*What this task involves*.
Output the full listing below exactly; the images stay out.

*Data extract*.

**********

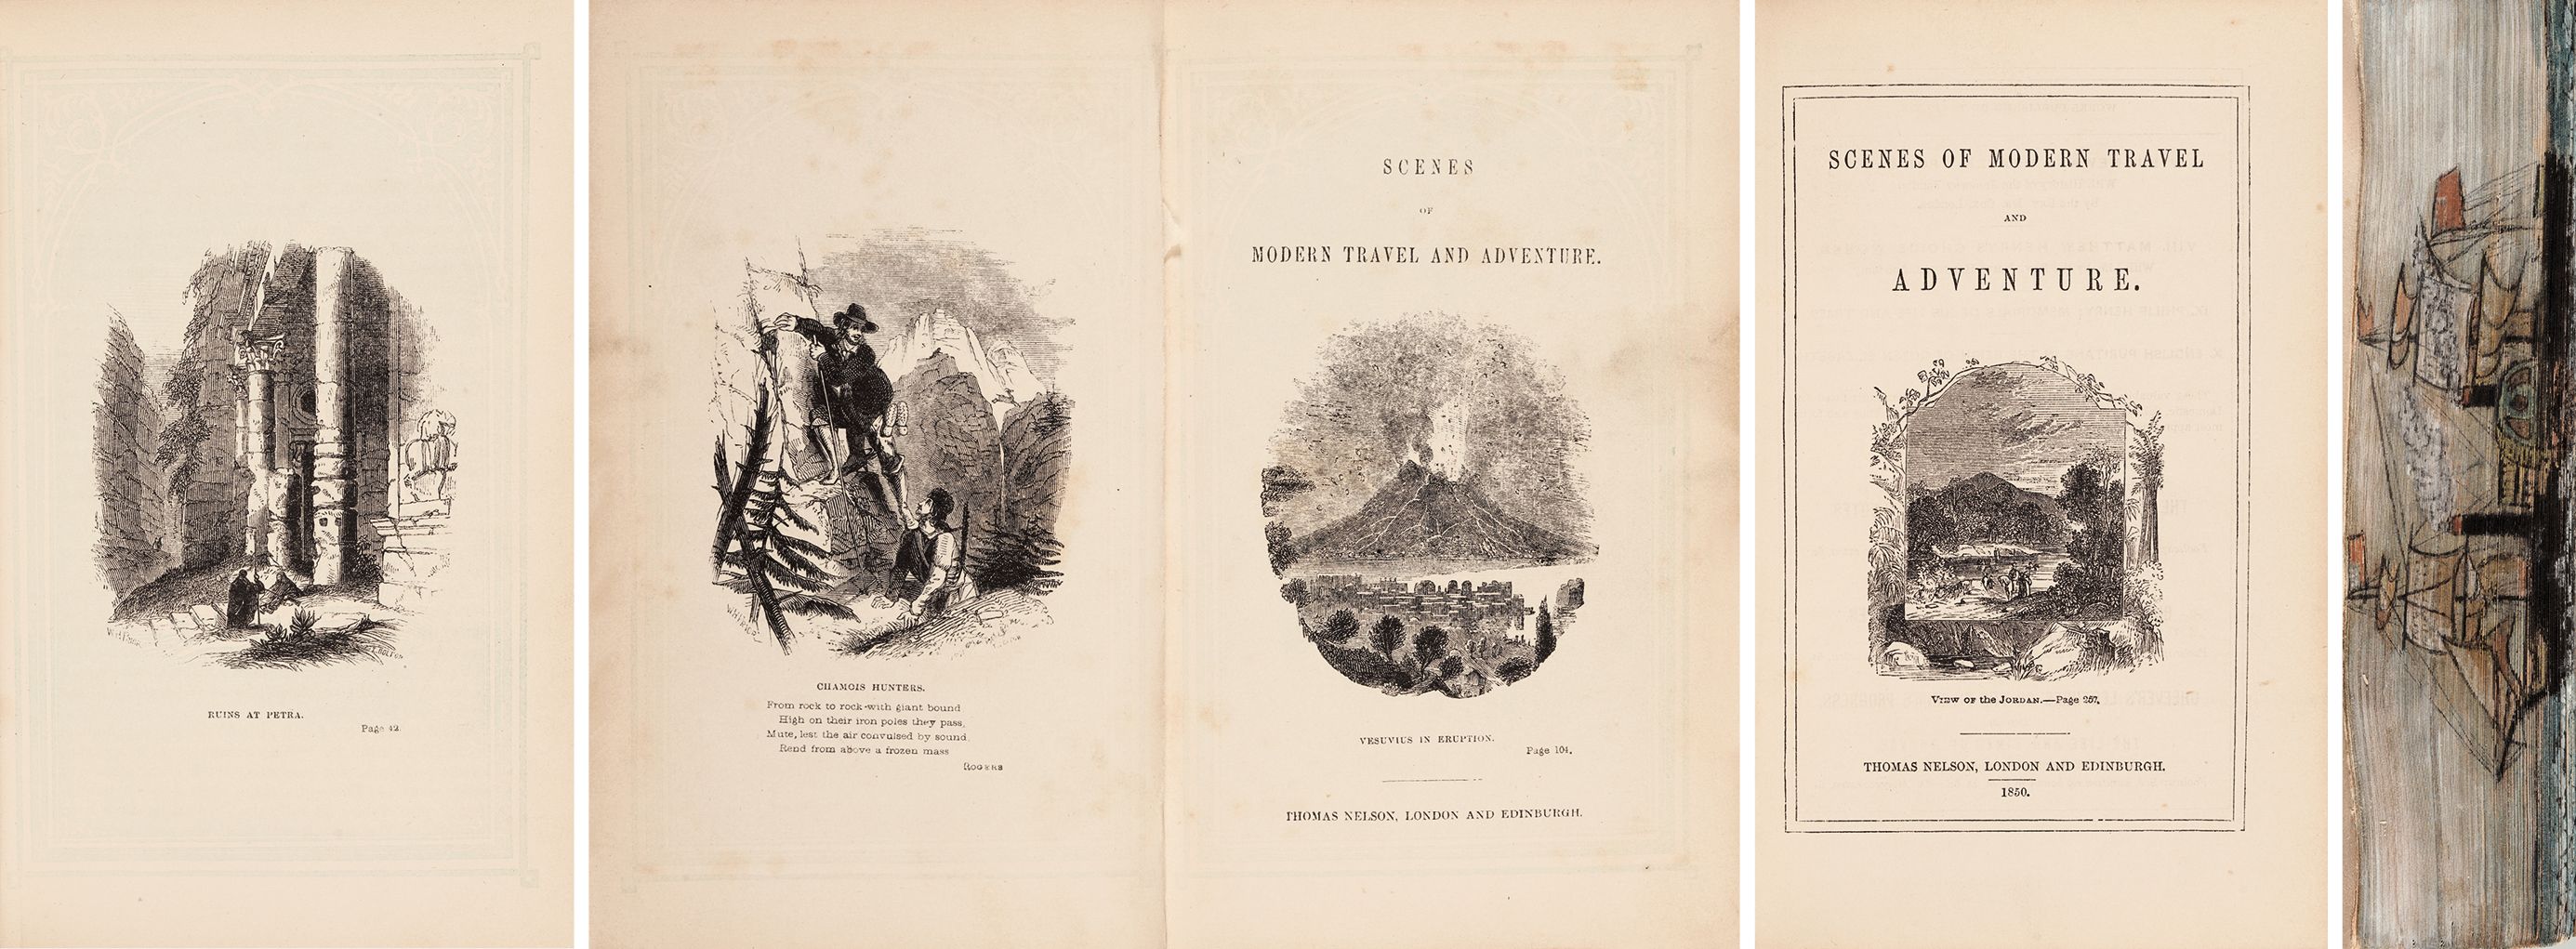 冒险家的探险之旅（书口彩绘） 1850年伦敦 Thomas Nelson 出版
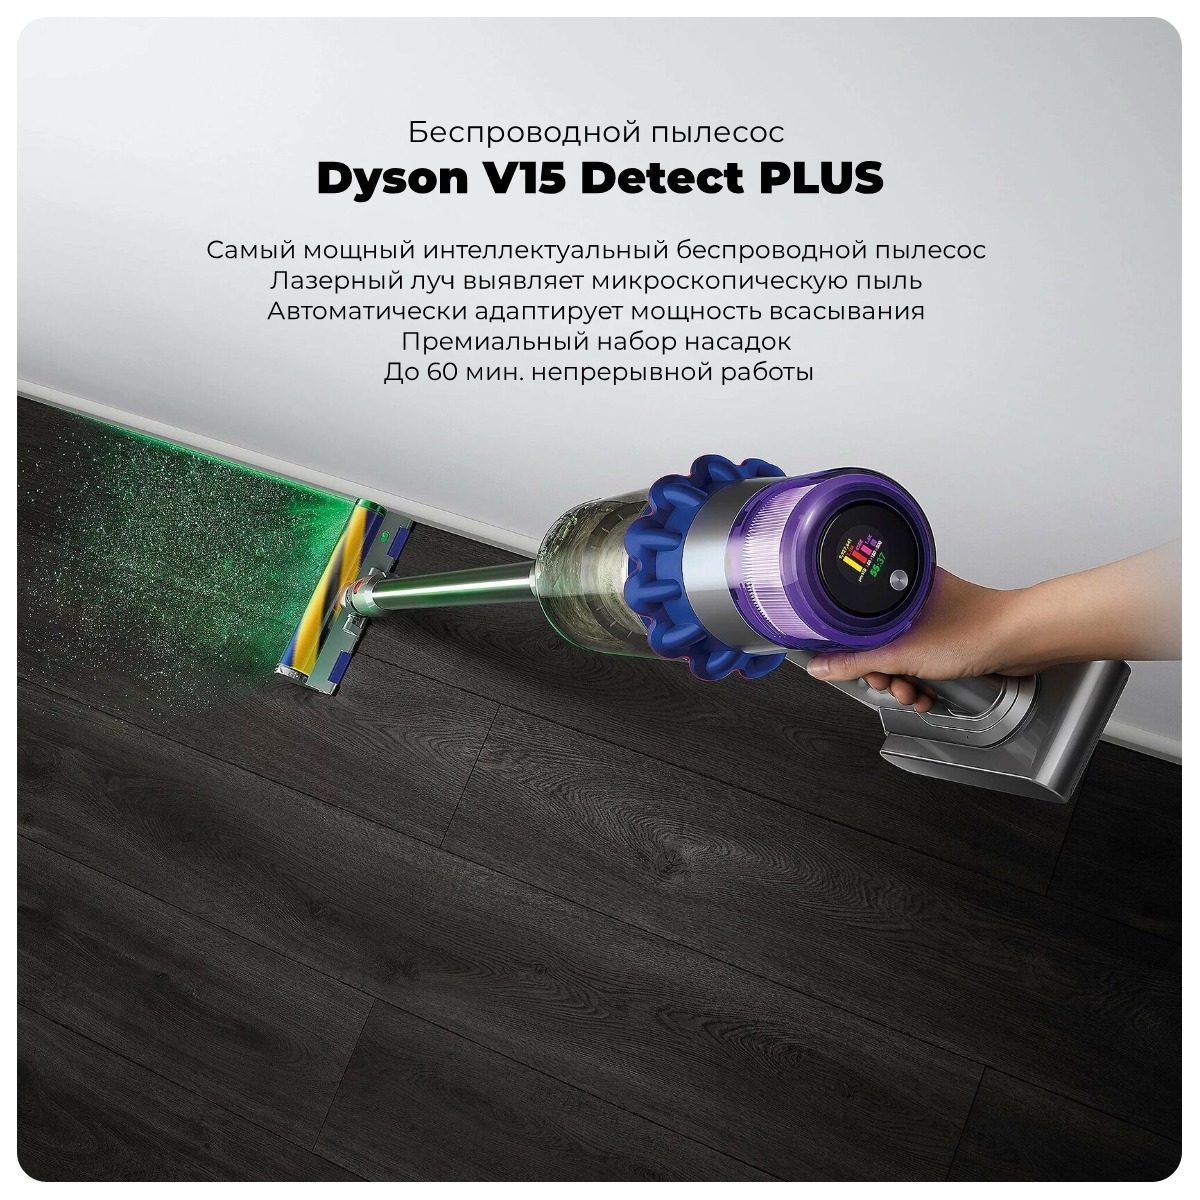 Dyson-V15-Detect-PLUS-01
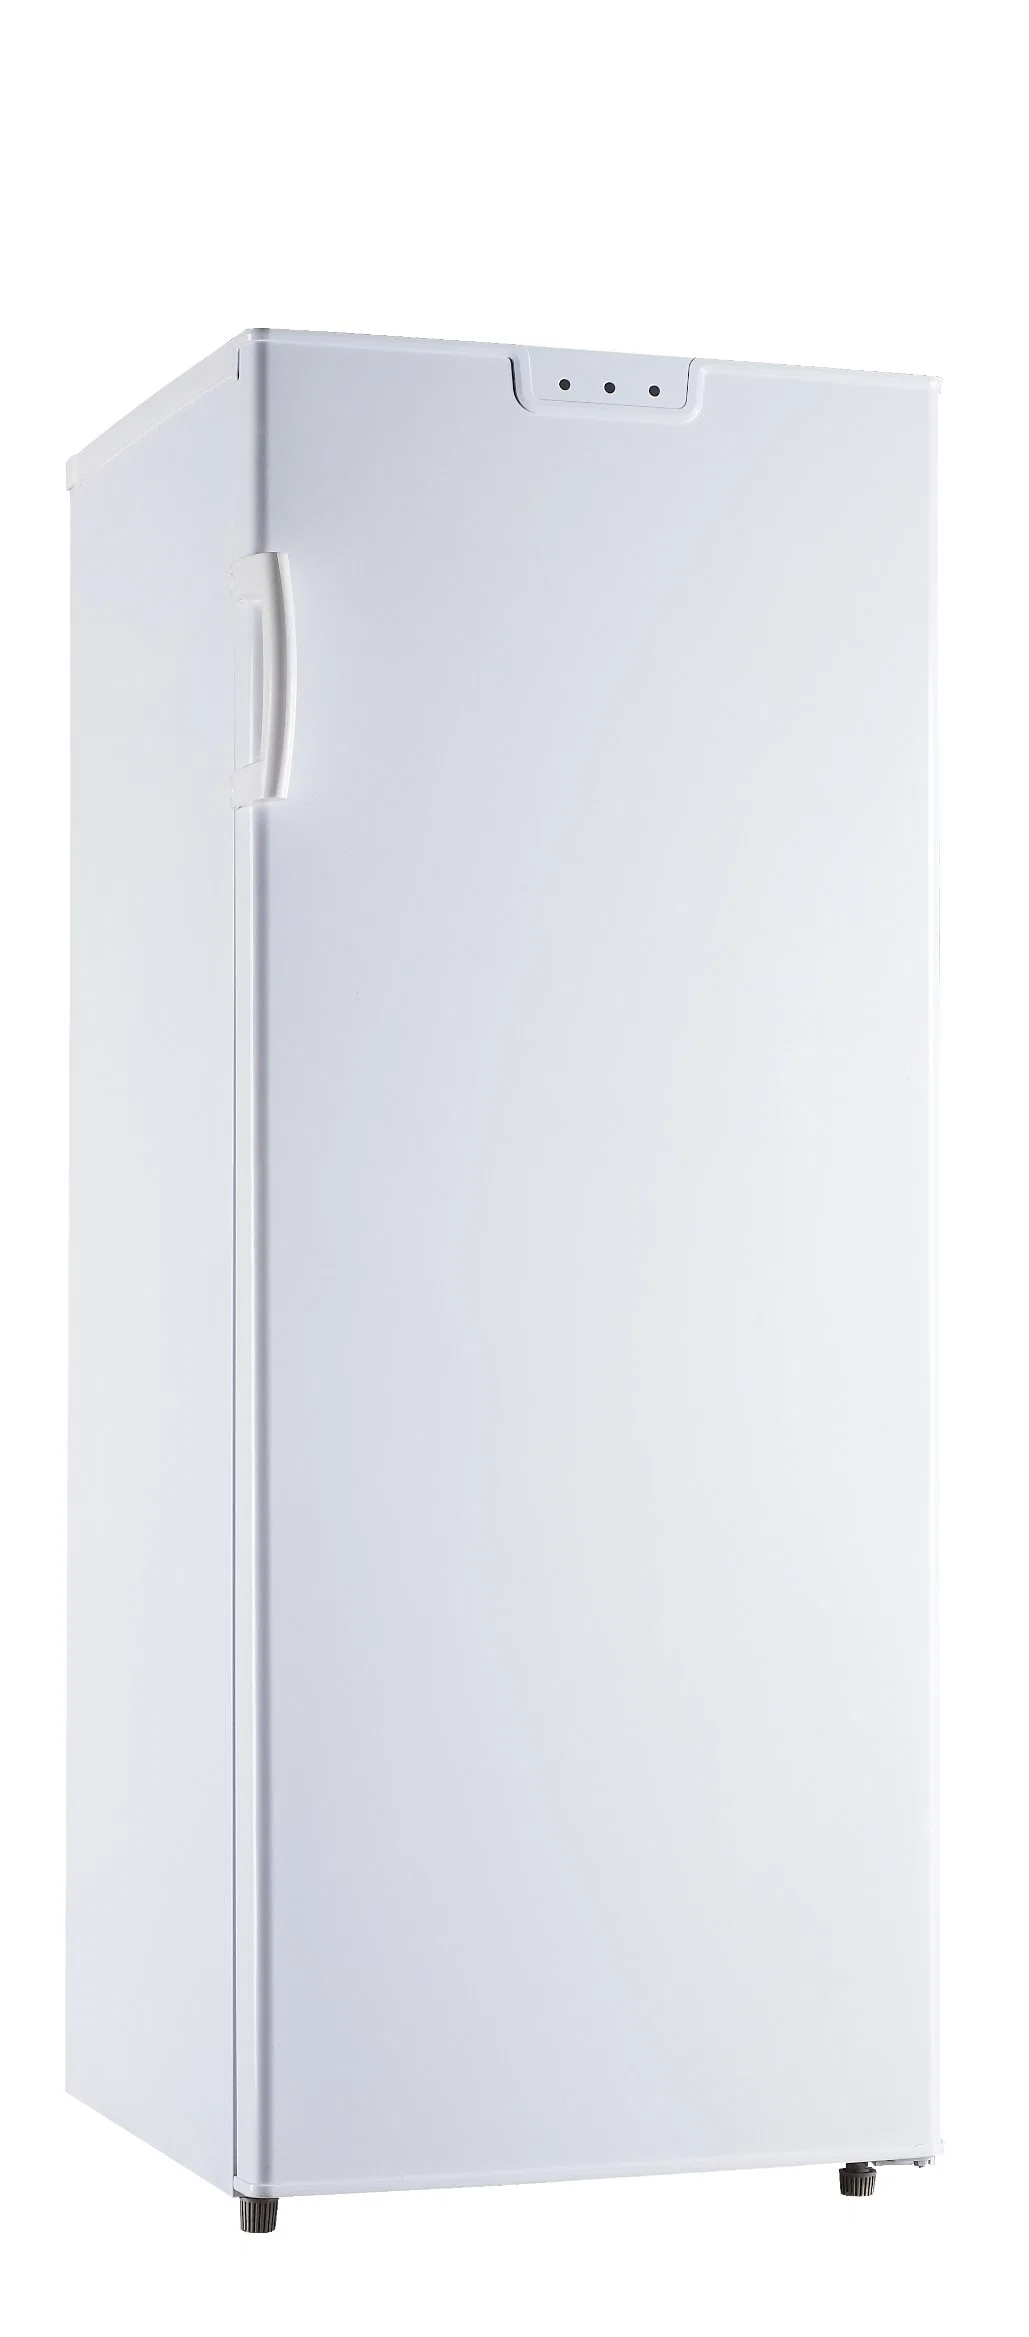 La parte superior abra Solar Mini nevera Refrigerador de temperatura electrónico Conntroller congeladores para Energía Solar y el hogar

**********

*Solution to this task*.
 冒险家的探险之旅（书口彩绘） 1850年伦敦 Thomas Nelson 出版
 Dyson-V15-Detect-PLUS-01
 La parte superior abra Solar Mini nevera Refrigerador de temperatura electrónico Conntroller congeladores para Energía Solar y el hogar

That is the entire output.